Плохие стихи – но замечательные как один из первых манифестов западничества, одна из первых попыток опереться на западные нравы, защищая свою русскую спину. Народной культуре эта попытка чужда. Битый холоп мог внушить к себе уважение, но не с помощью красноречия. Образцы русской подлинности, невольно врезавшейся в память и запоминавшейся, – слова стрельца Петру, загородившему дорогу на плаху: «Посторонись, царь, я здесь лягу». Или молчание Васьки Шибанова. Единственная форма риторики, вошедшая в культуру древней Руси, – церковная проповедь. Курбский пытался секуляризовать ее стиль в политическом памфлете. Иван попрекнул красноречивого князя молчанием его раба. Достоевский считал, что Иван устыдился Шибанова. Я в этом не уверен. Но, во всяком случае, он молчание Васьки Шибанова почувствовал. Молчание было выразительнее слова. Вот национальная почва антикрасноречия Достоевского и Толстого.
Однако антикрасноречие имеет и более глубокие основы. Истина антикрасноречия в том, что язык – средство общения – может стать барьером между людьми, загородить жизнь своими условностями. Даже борьба с риторикой становится риторикой. Сказать правду необычайно трудно.
Все прямолинейные решения заводят в тупик. О чем бы ни шла речь – о попытке выразить любовь или о последних вопросах бытия – о страдании, о смерти, о добре и зле, – правда рождается где-то на грани слова и молчания. Полную правду нельзя высказать (она выходит за рамки фактов, передаваемых словом). На правду можно только намекнуть, помочь слушателю, читателю почувствовать правду, втянуть его в процесс поисков правды. Толстой каждый раз пытается найти окончательное решение, и каждый раз оказывается, что оно не окончательное. Достоевский вносит движение, поиск, неуверенность, сбивчивость внутрь фразы. Ту внутреннюю неопределенность, неуверенность в итоге, которую Толстой каждый раз преодолевал, Достоевский делает открытым приемом.
Наблюдая за развитием фразы Достоевского, Д. С. Лихачев замечает: «В мире Достоевского нет фактов, стоящих на собственных ногах. Все они «подпирают» друг друга, громоздятся друг на друга, друг от друга зависят... Все явления как бы не завершены: не завершены идеи, незавершен рассказ... неясны детали и целое, все находится как бы в стадии выяснения и «расследования». Все находится в становлении, а потому не установлено и отнюдь не статично»[62]

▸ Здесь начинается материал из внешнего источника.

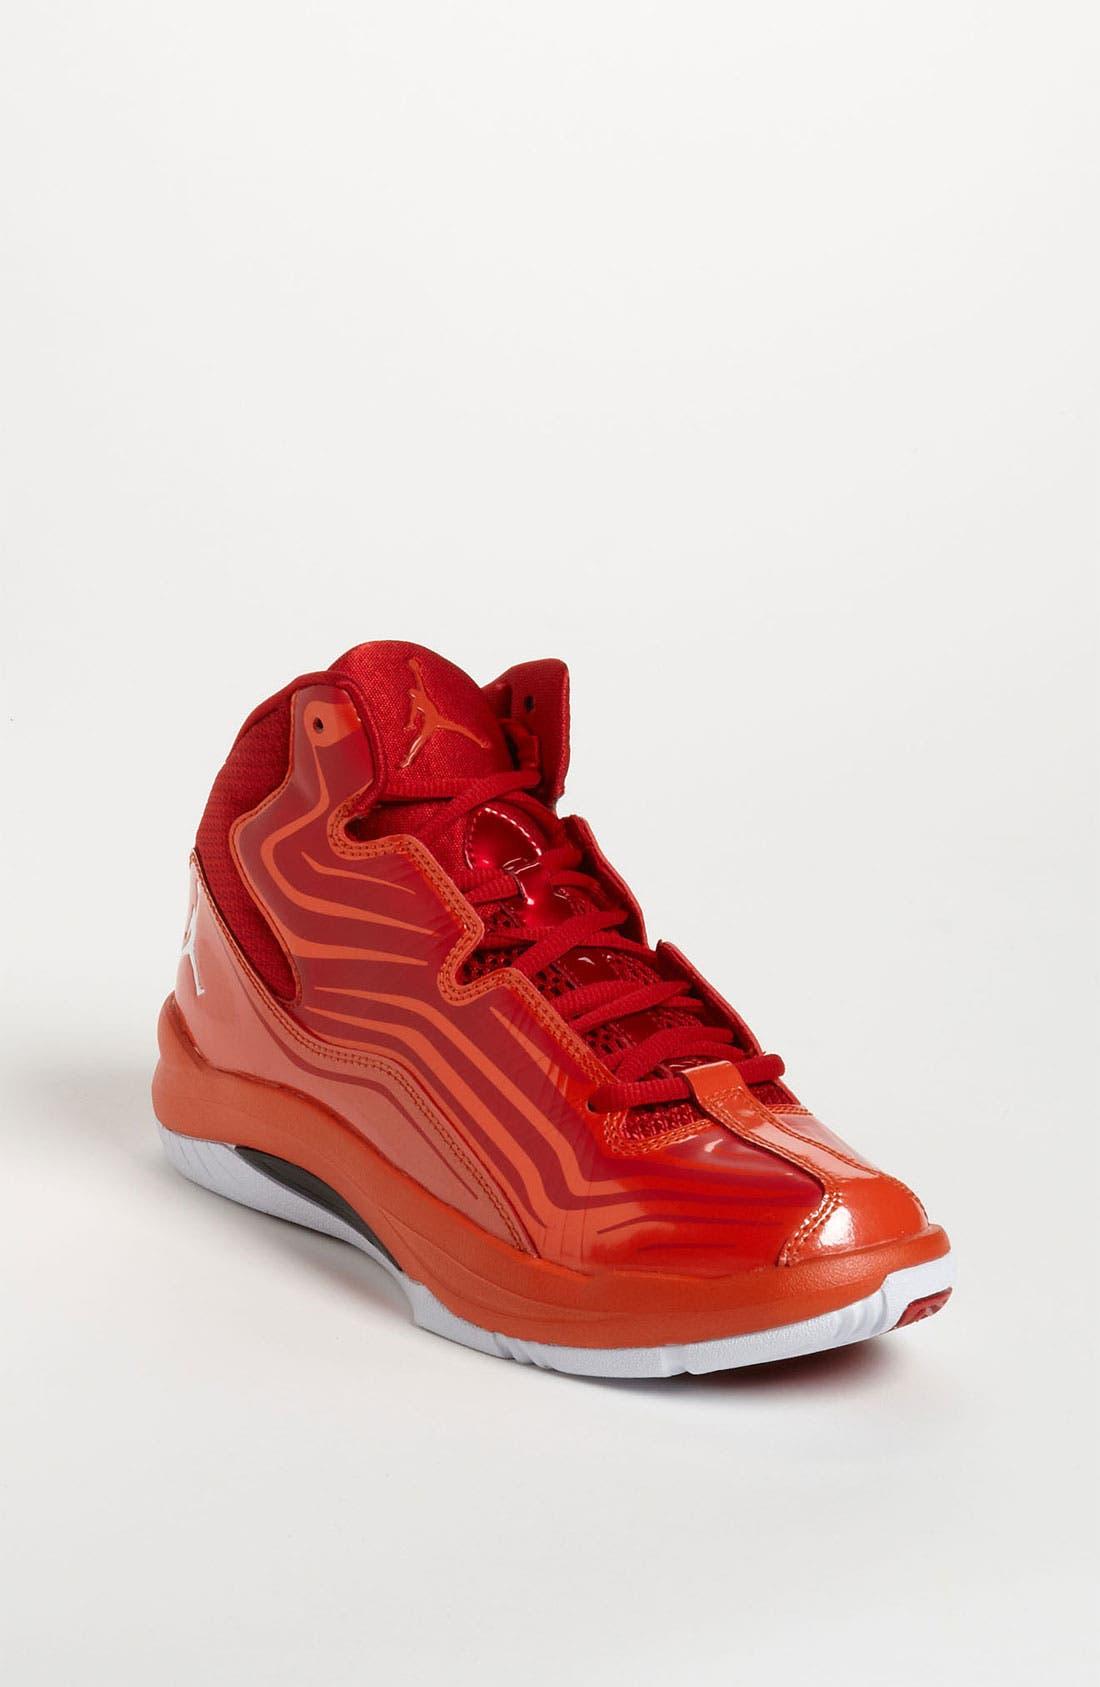 Main Image - Nike 'Jordan Aero Mania' Sneaker (Big Kid)

. Это очень близко к моему чувству Достоевского и тем более мне дорого, что в центре внимания Д. С. Лихачева микроструктуры, а я в основном исходил из макроструктуры, из общего строя романа; картина же выходит сходная с тем, о чем я говорил в «Заметках о внутреннем строе». Но, пожалуй, характеристика Д. С. Лихачева лаконичнее определяет онтологию Достоевского, его стихийно сложившееся, не выраженное в специальных терминах учение о структуре бытия. Когда мне пришлось искать короткое определение буддийской доктрины зависимого совозникновения (пратитья самутпада), я процитировал Лихачева о Достоевском: «Нет фактов, стоящих на собственных ногах. Все они подпирают друг друга... друг от друга зависят».С этой онтологией Достоевского связана его этика. Нет ни виновности, ни невиновности. Есть совиновность. Раскольников виноват, но с ним вместе виноваты студент и офицер, говорившие об убийстве, публика, восторженно простившая Наполеону его преступления, и пр. и пр. Бессмысленно спрашивать, кто более совиновен со Смердяковым – Дмитрий или Иван. Оба совиновны.
Все совиновны. Нет козла отпущения. Не на кого сваливать общую вину. Каждое преступление, на более глубоком уровне, чем право, – призыв к общей совести, к общему преображению.
С онтологией Достоевского связана также его логика (или антилогика). Д. С. Лихачев замечает, что термины Достоевского – «емкие неопределенности». Я предлагаю как яркий пример фразу: «Под православием я понимаю идею, не изменяя однако ему вовсе». Никаких дальнейших разъяснений – в «Заметке о петербургском баден-баденстве» – нет. Понимай как знаешь.